One-loop constituent quark contributions to the vector and axial-vector meson curvature mass

TL;DR

This paper calculates the fermionic one-loop contributions to the curvature masses of vector and axial-vector mesons within a (2+1)-flavor constituent quark-meson model, analyzing temperature effects and mixing phenomena.

Contribution

It provides a transparent derivation of fermionic contributions to vector and axial-vector meson masses and clarifies the renormalization process within the extended linear sigma model.

Findings

Fermionic corrections are expressed as simple integrals involving Fermi-Dirac distributions and Polyakov-loop effects.

Temperature dependence of vector and axial-vector meson masses is characterized.

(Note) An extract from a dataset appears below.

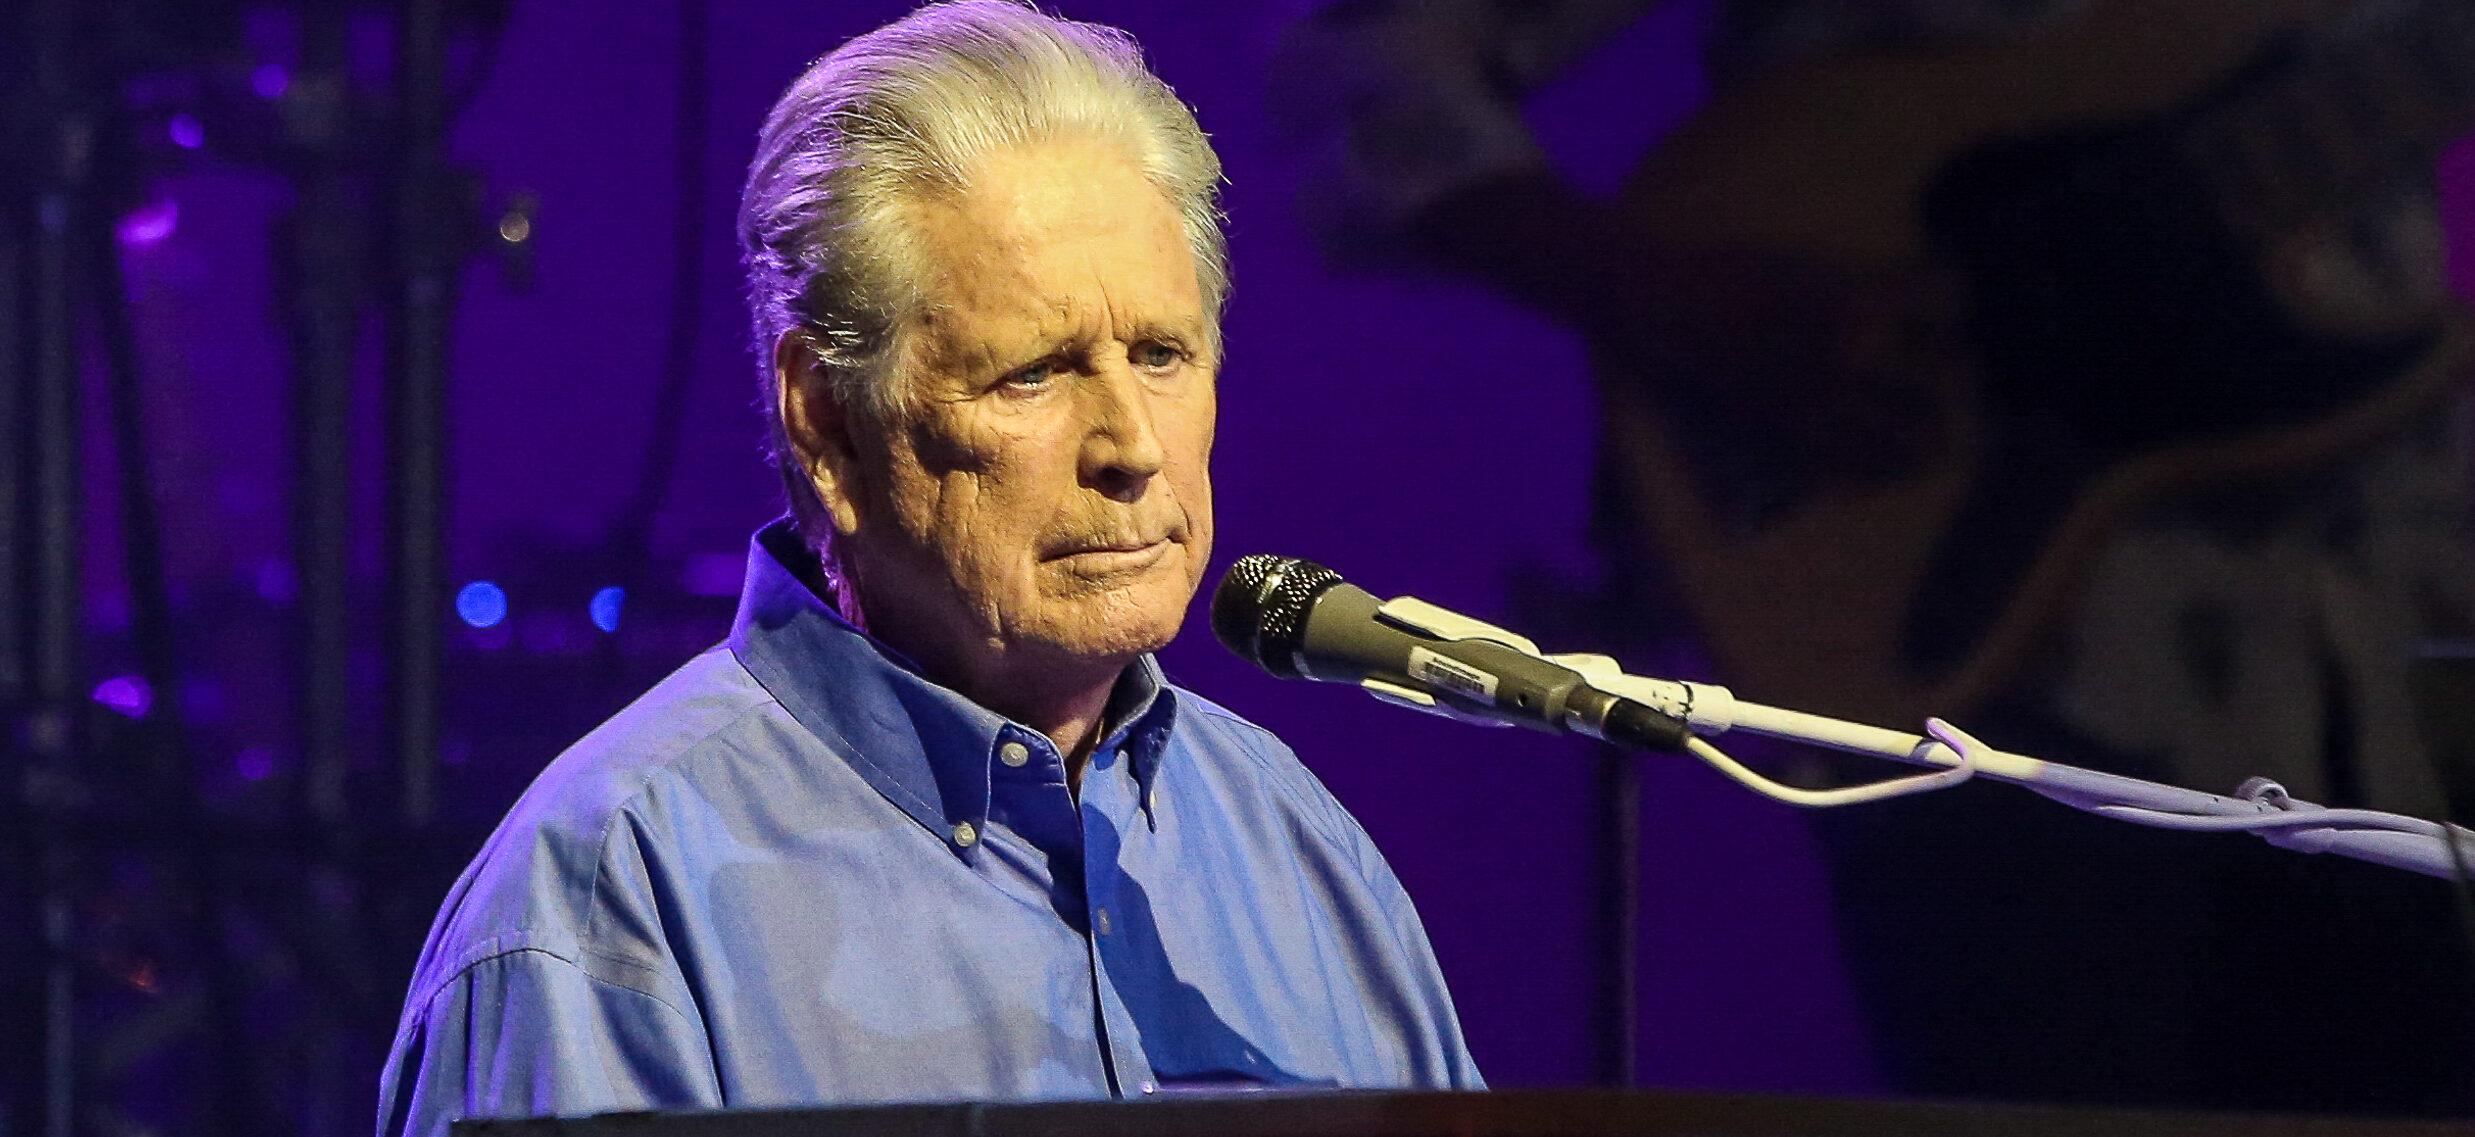 ‘Beach Boys’ Brian Wilson’s Family Files To Become His Conservator
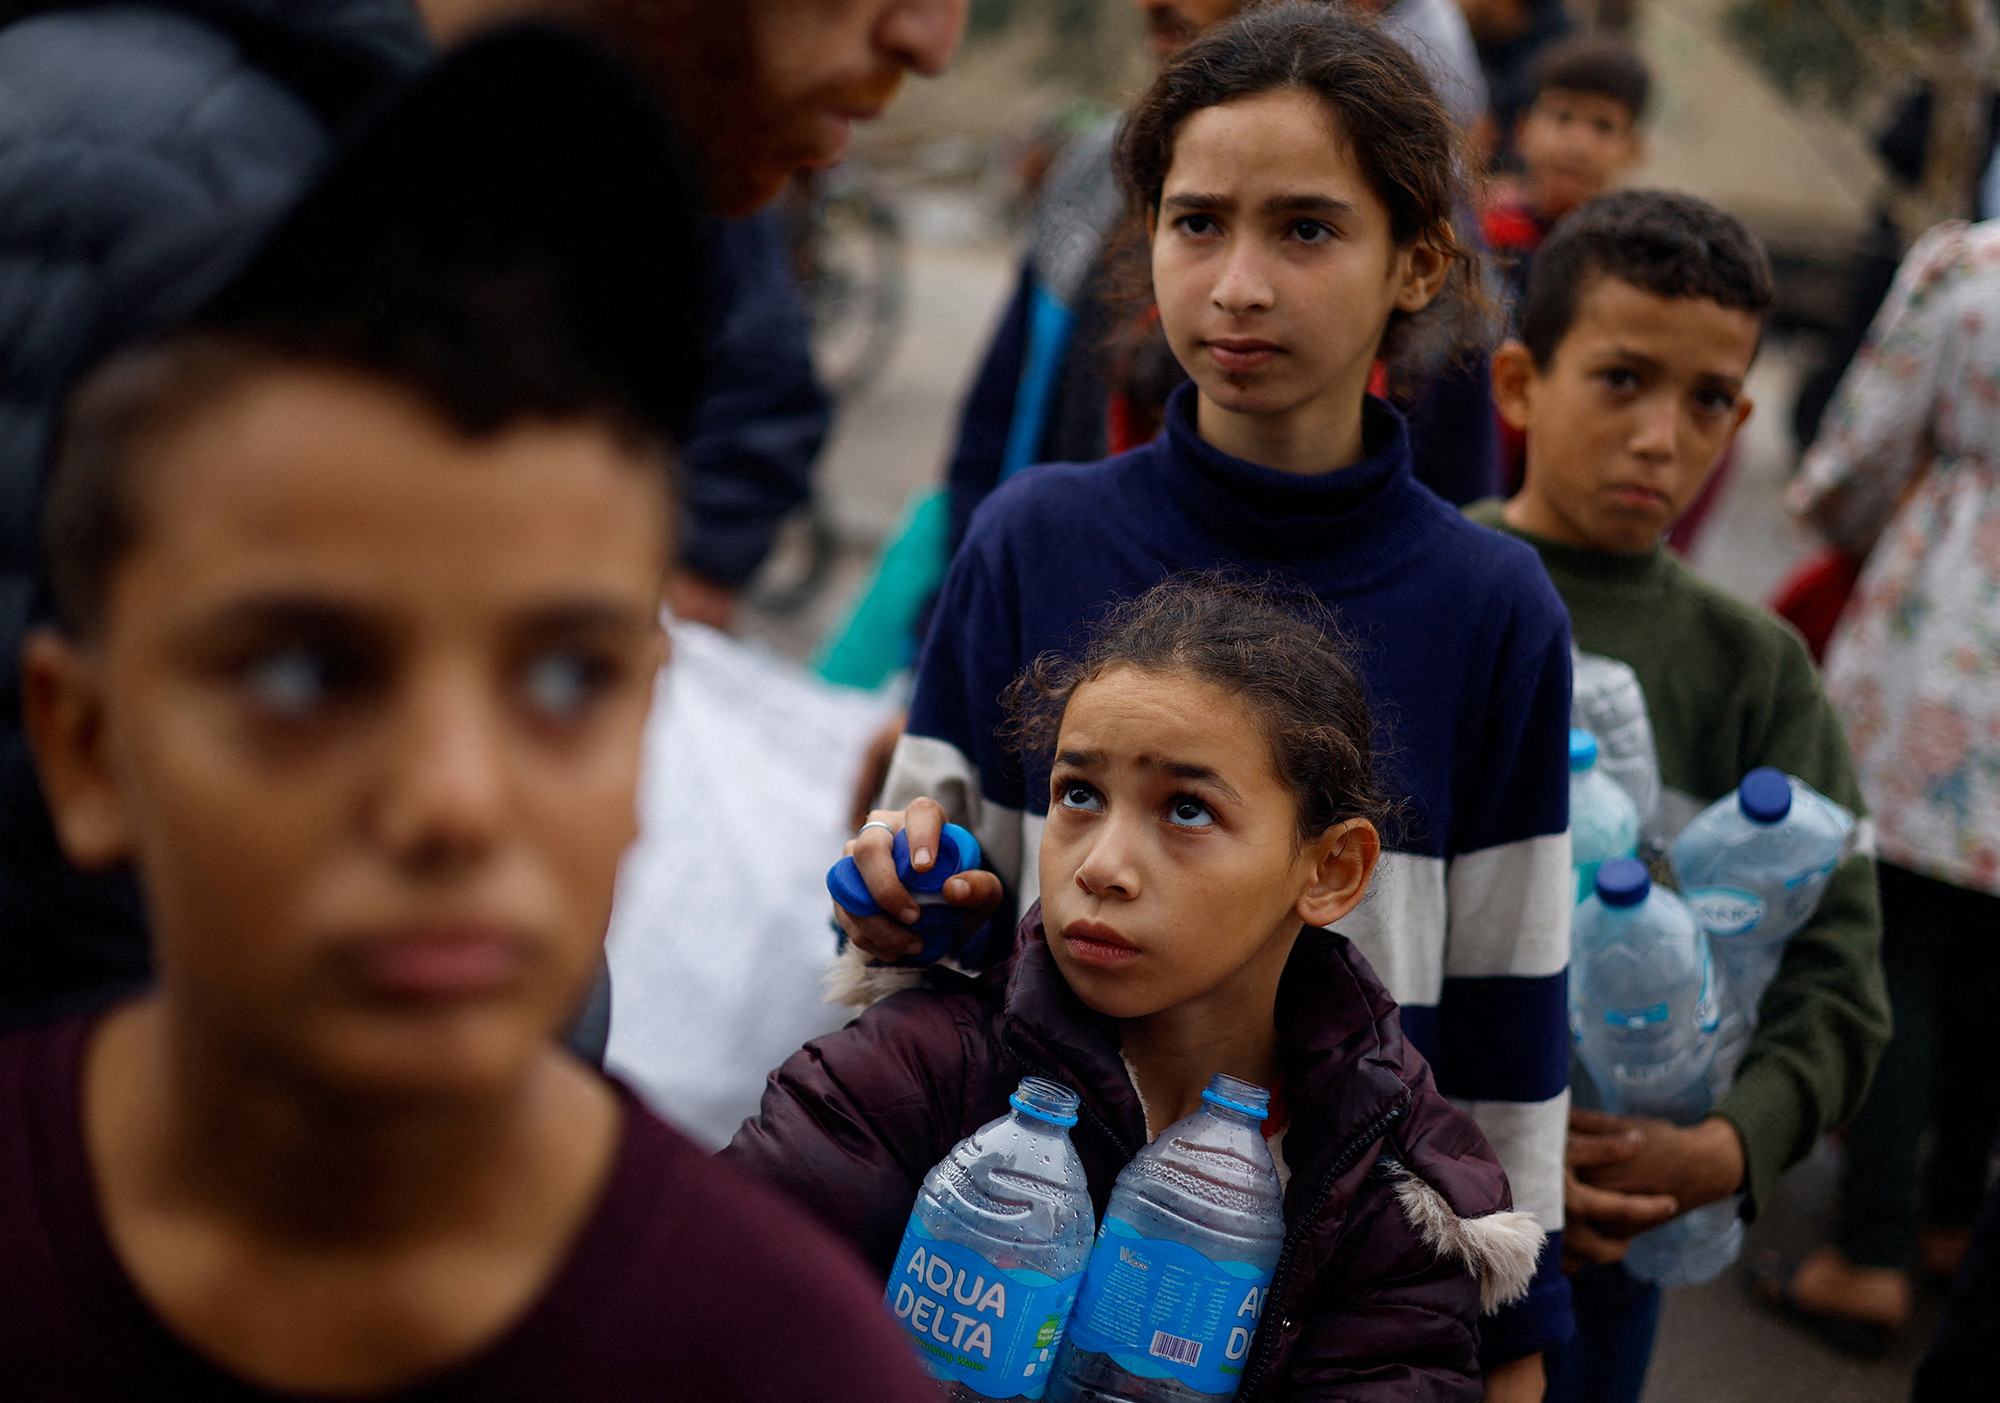 A Palestinian girl holds empty water bottles as she queues to collect water amid water shortages in Rafah, Gaza, on December 5.

Renormalization lifts redundancies in the extended linear sigma model.

Abstract

The renormalized contribution of fermions to the curvature masses of vector and axial-vector mesons is derived with two different methods at leading order in the loop expansion applied to the (2+1)-flavor constituent quark-meson model. The corresponding contribution to the curvature masses of the scalar and pseudoscalar mesons, already known in the literature, is rederived in a transparent way. The temperature dependence of the curvature mass of various (axial-)vector modes obtained by decomposing the curvature mass tensor is investigated along with the (axial-)vector--(pseudo)scalar mixing. All fermionic corrections are expressed as simple integrals that involve at finite temperature only the Fermi-Dirac distribution function modified by the Polyakov-loop degrees of freedom. The renormalization of the (axial-)vector curvature mass allows us to lift a redundancy in the original Lagrangian of the globally symmetric extended linear sigma model, in which terms already generated by the covariant derivative were reincluded with different coupling constants.